Bill O’Reilly on the Tonight Show in 2013. Photo: NBC/NBCU Photo Bank via Getty Images

Bill O’Reilly returned from vacation on Monday night, but in a much different venue than he anticipated when he signed off of his Fox News show on April 11. Five days after he was fired from the network over allegations of sexual harassment, O’Reilly addressed the controversy in a podcast posted on his personal website. “I am sad that I’m not on television anymore,” O’Reilly said. “I was very surprised how it all turned out.”

O’Reilly’s podcast, The No Spin News, has been available to his website’s subscribers since 2009. New episodes, which air Monday through Thursday, will be free to download this week.

During Monday night’s 19-minute episode, O’Reilly said he intends to turn the podcast “into a genuine news program.” The broadcast included a discussion of President Trump’s poll numbers, attacks on the mainstream press, and a dig at Senator Elizabeth Warren. This is how he addressed his firing from Fox News:

I am sad that I’m not on television anymore. I was very surprised how it all turned out. I can’t say a lot, because there’s much stuff going on right now.

But I can tell you that I’m very confident the truth will come out, and when it does, I don’t know if you’re going to be surprised — but I think you’re going to be shaken, as I am. There’s a lot of stuff involved here.

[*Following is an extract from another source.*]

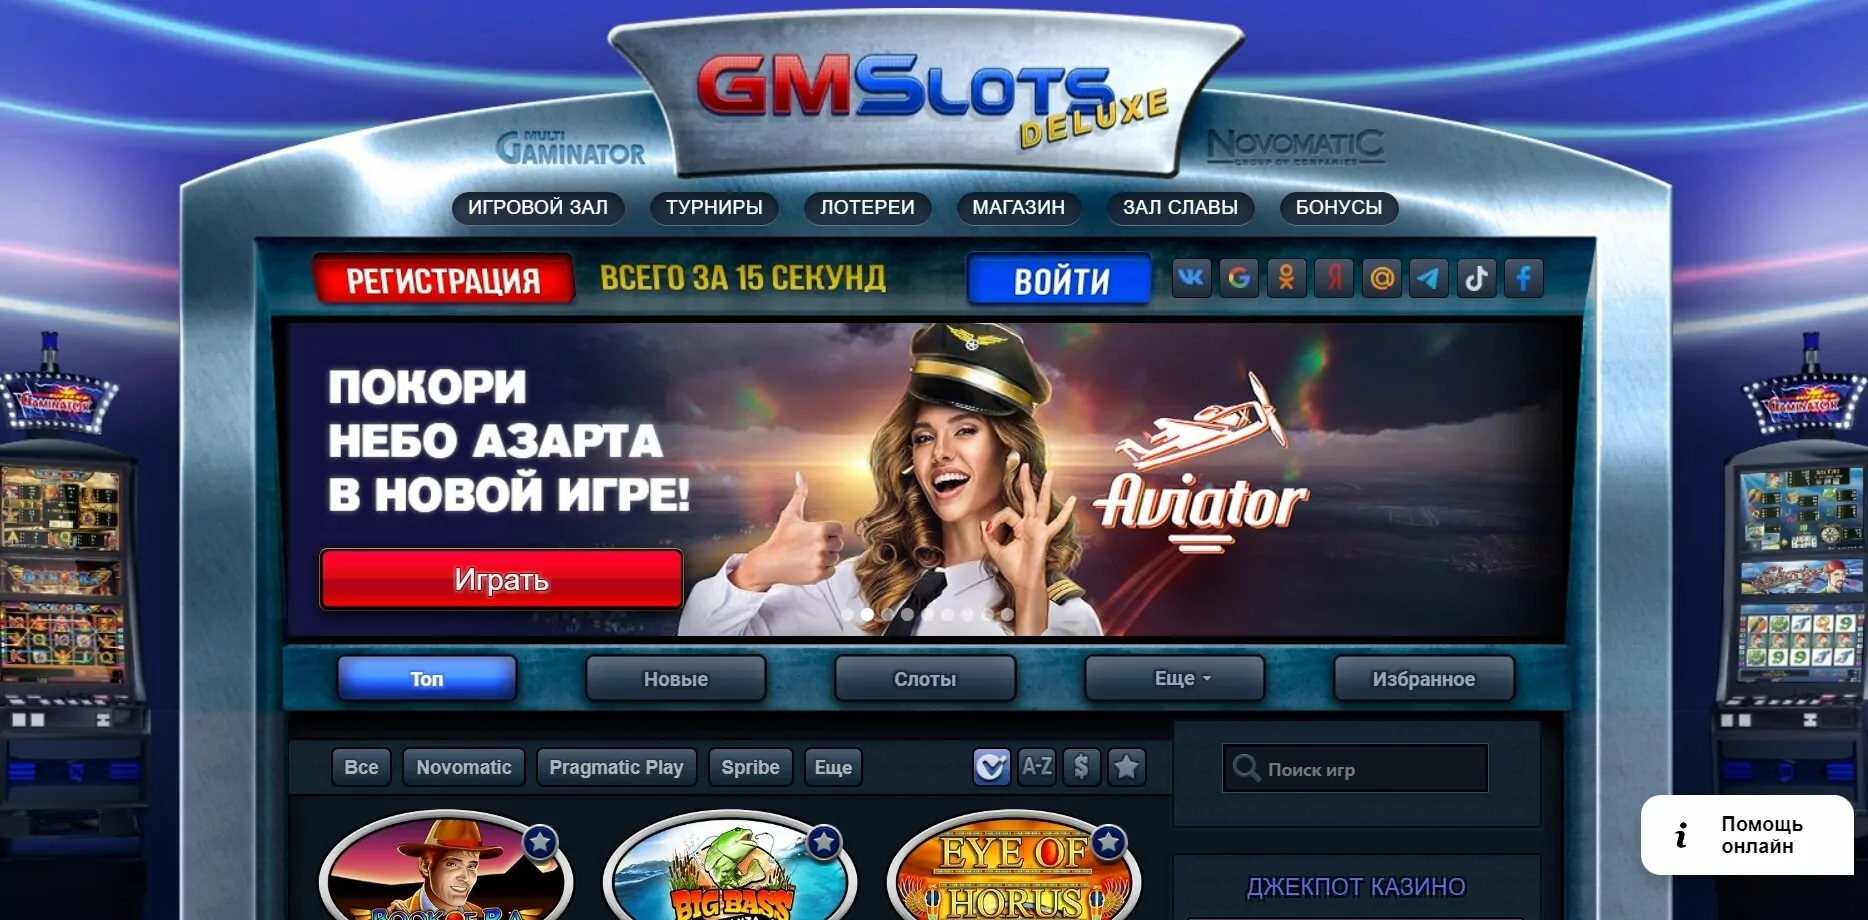 gmslots deluxe casino

Now, I can’t say any more because I just don’t want to influence the flow of the information. I don’t want the media to take what I say and misconstrue it. However you, as a loyal O’Reilly listener, have a right to know, I think, down the lane what exactly happened. And we are working in that direction, okay?

It’s unclear why O’Reilly felt he couldn’t say more. As the Washington Post notes, the sexual-harassment lawsuits against O’Reilly have been settled, and presumably his $25 million severance package bars him from suing Fox News.

O’Reilly has insisted that the harassment allegations were all unfounded. His attorneys claimed he was the victim of a “smear campaign” that was “orchestrated by far-left organizations,” and they said they had evidence to prove it. As we learned from strategy emails the O’Reilly team accidentally forwarded to a Politico reporter last week, they considered telling the Murdochs about a conference call the liberal watchdog group Media Matters and Democratic fundraiser Mary Pat Bonner were coordinating to discuss their effort to pressure advertisers to pull out of his show.

Media Matters had discussed the campaign with media outlets. “Nothing nefarious here,” the organization’s president, Angelo Carusone, said in a statement last week. “Media Matters’ efforts were very public. We’re a nonprofit and the call was to ask our supporters to help make sure we could dig in on this for the long haul. But O’Reilly got fired beforehand.”

Meanwhile on Monday night, Fox News continued its awkward wrap-up of the O’Reilly era. Tucker Carlson offered praise for the former King of Cable News as he took over his 8 p.m. ET time slot for the first time.

“I watched Bill O’Reilly at this hour for years, and I always marveled at how well-prepared he was, how tough he was, and how crisply and directly he expressed his views,” Carlson said. “What O’Reilly did was not easy. He set a high bar, and I’m going to do my best to meet it. Thanks for sticking with us.”